__Task brief__
Across the whole listing, return each line exactly, with no images included.

__Source data__
==============================
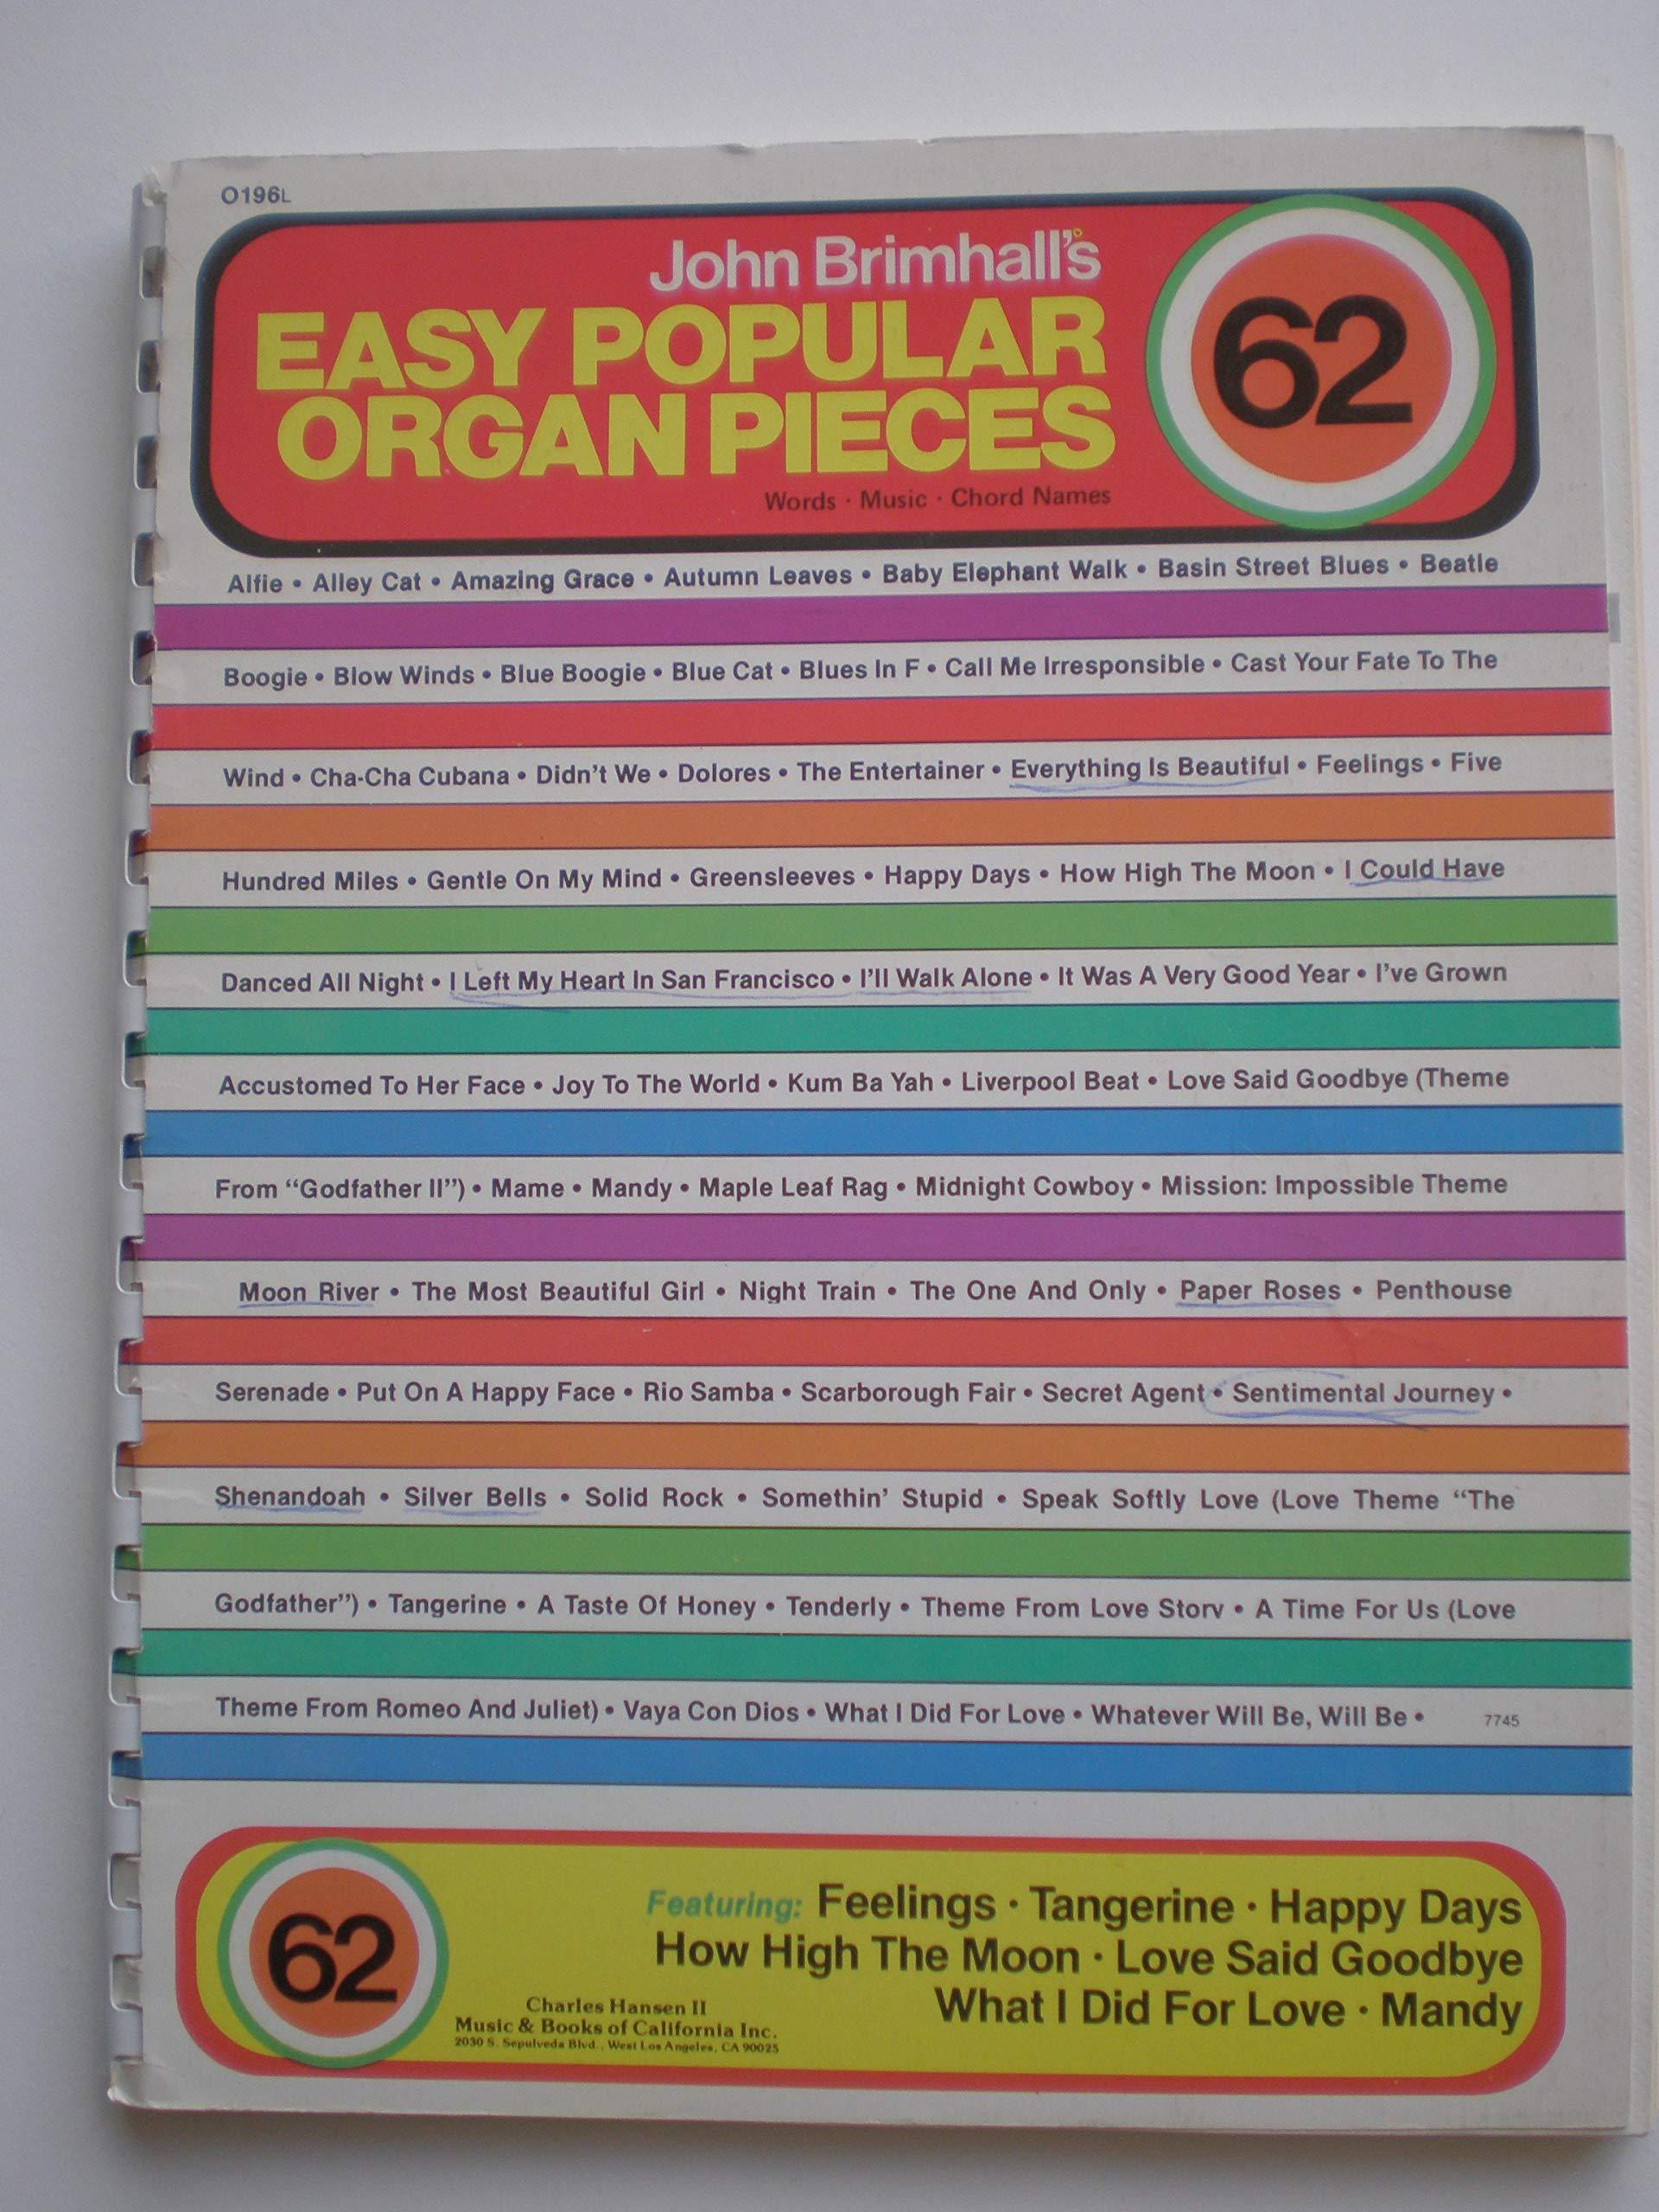 O196L EASY POPULAR 62 ORGAN PIECES Words* Music* Chord Names
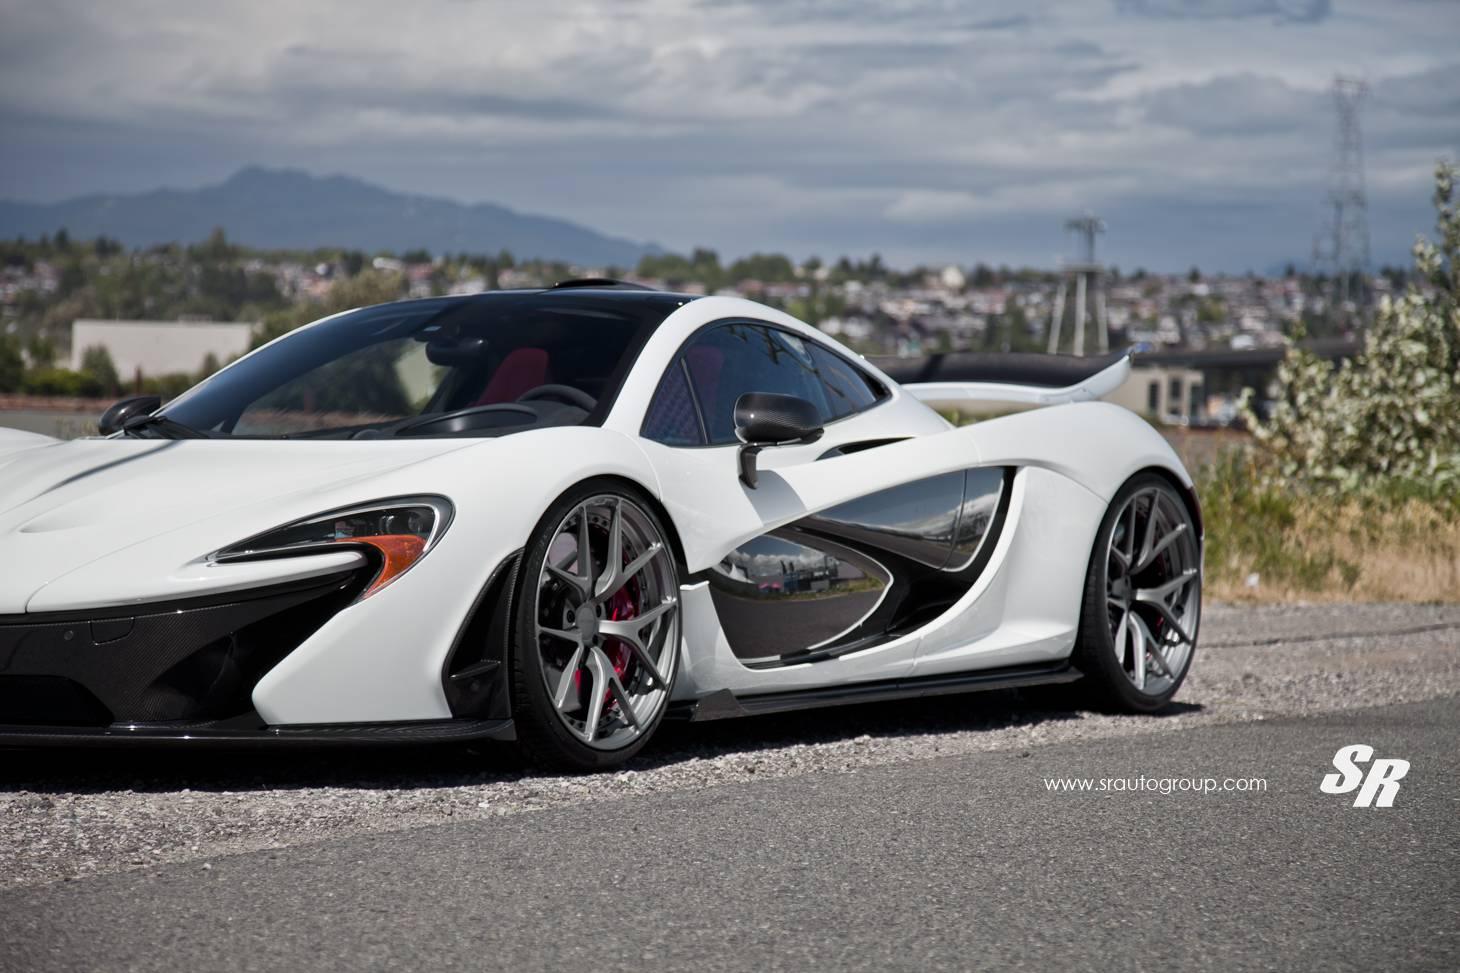 McLaren P1 tuning wheel/тюнинг колес PUR Wheels
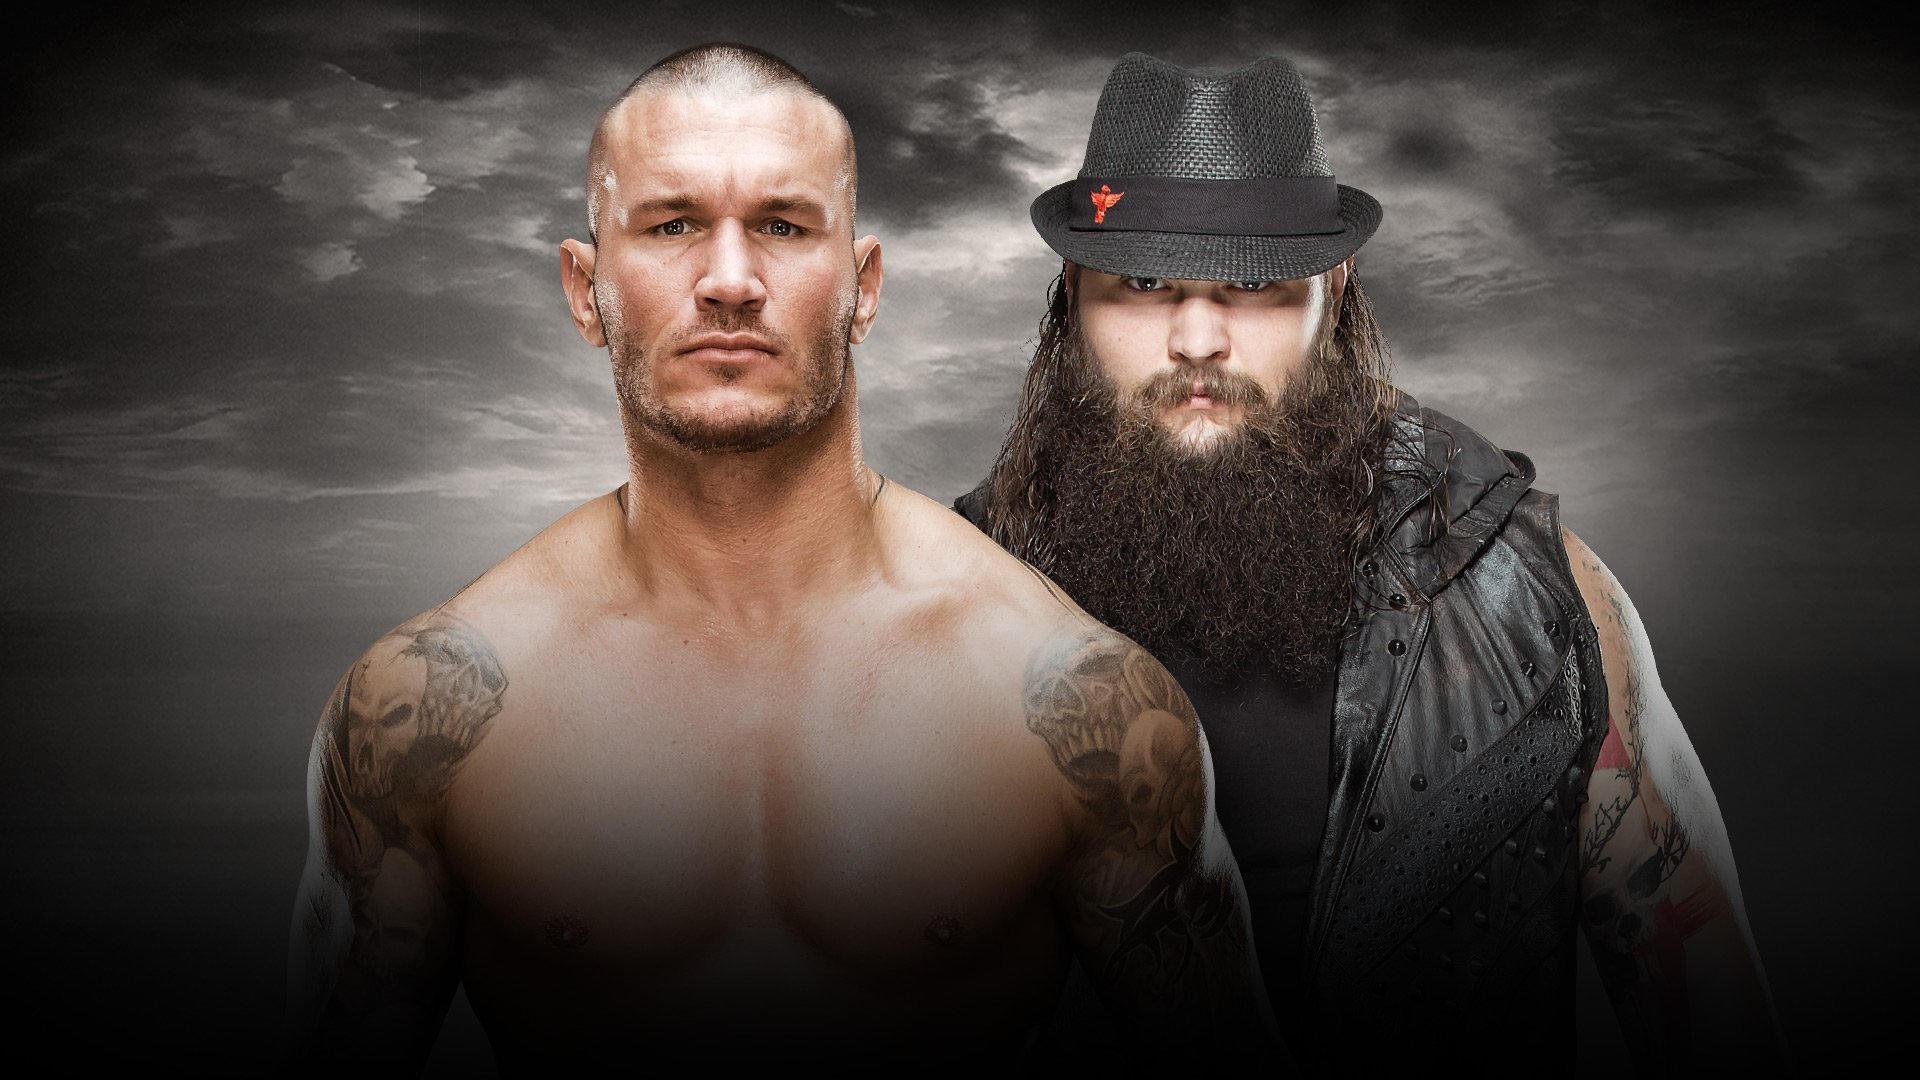 WWE NO MERCY - OCTOBER 9 - SACRAMENTO, CALIFORNIA 20160927_Nomercy_OrtonWyatts--498f36e0b8cca37730d60fade0265382
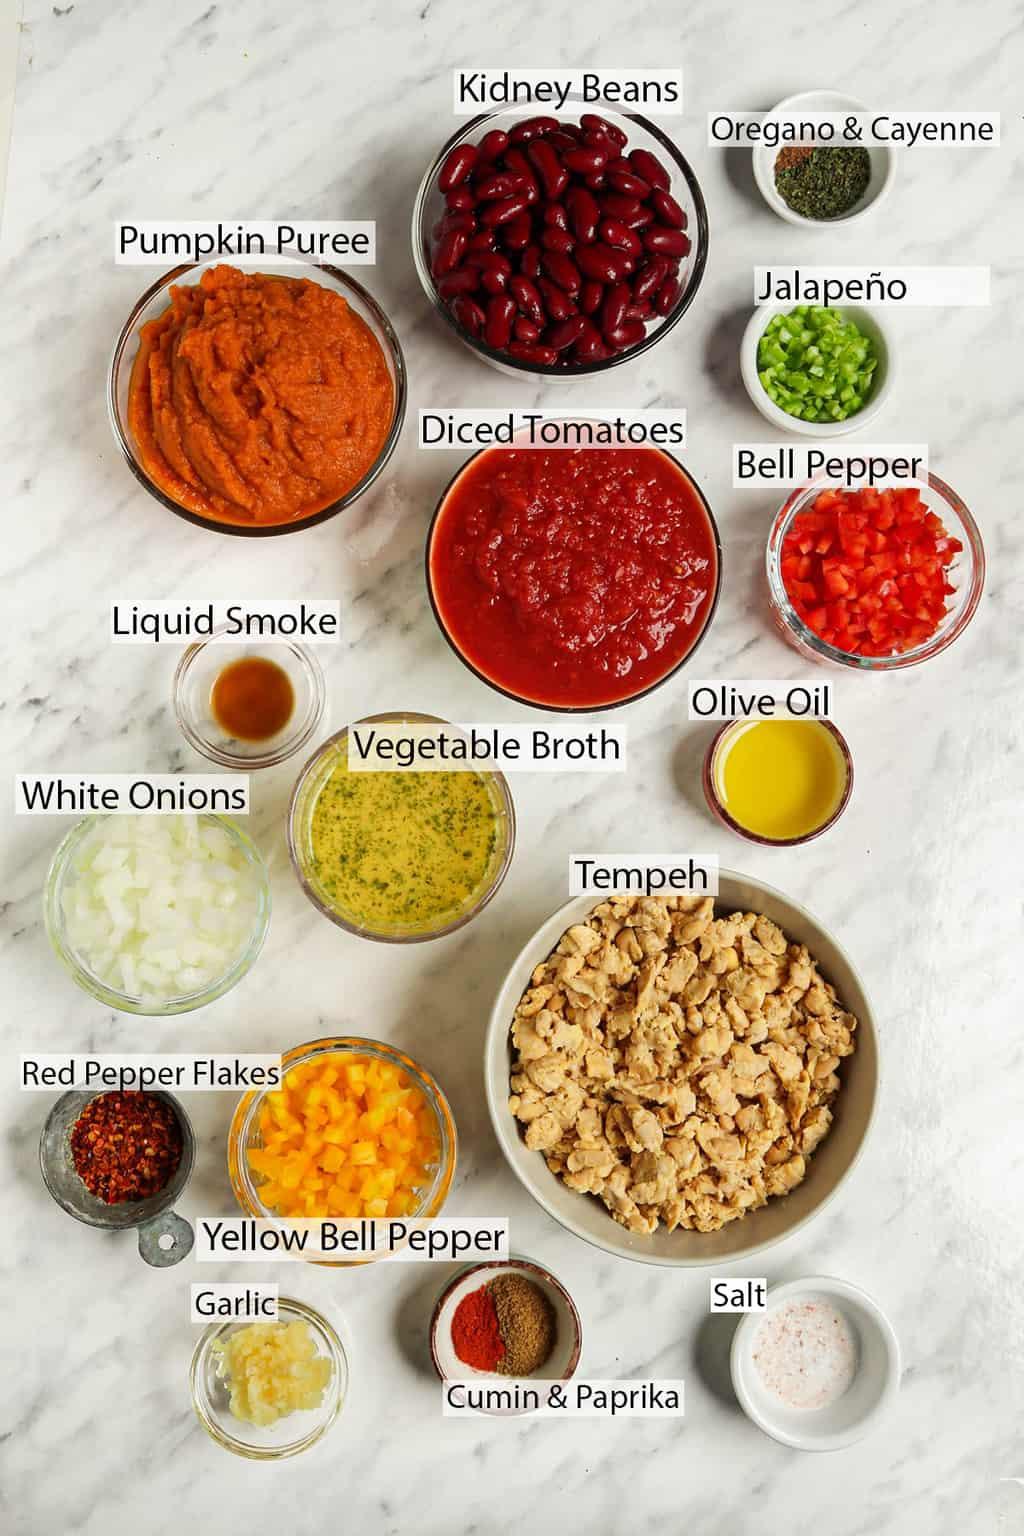 ingredients shot of gluten-free vegan pumpkin chili featuring kidney beans, oregano, cayenne, jalapeño, pumpkin puree, tomatoes, liquid smoke, olive oil, vegetable broth, white onions, tempeh, red pepper flakes, yellow bell pepper, garlic, salt, cumin, paprika,
==============================
__Answer for this exercise__
 O196L EASY POPULAR 62 ORGAN PIECES Words* Music* Chord Names
 McLaren P1 tuning wheel/тюнинг колес PUR Wheels
 WWE NO MERCY - OCTOBER 9 - SACRAMENTO, CALIFORNIA 20160927_Nomercy_OrtonWyatts--498f36e0b8cca37730d60fade0265382
 ingredients shot of gluten-free vegan pumpkin chili featuring kidney beans, oregano, cayenne, jalapeño, pumpkin puree, tomatoes, liquid smoke, olive oil, vegetable broth, white onions, tempeh, red pepper flakes, yellow bell pepper, garlic, salt, cumin, paprika,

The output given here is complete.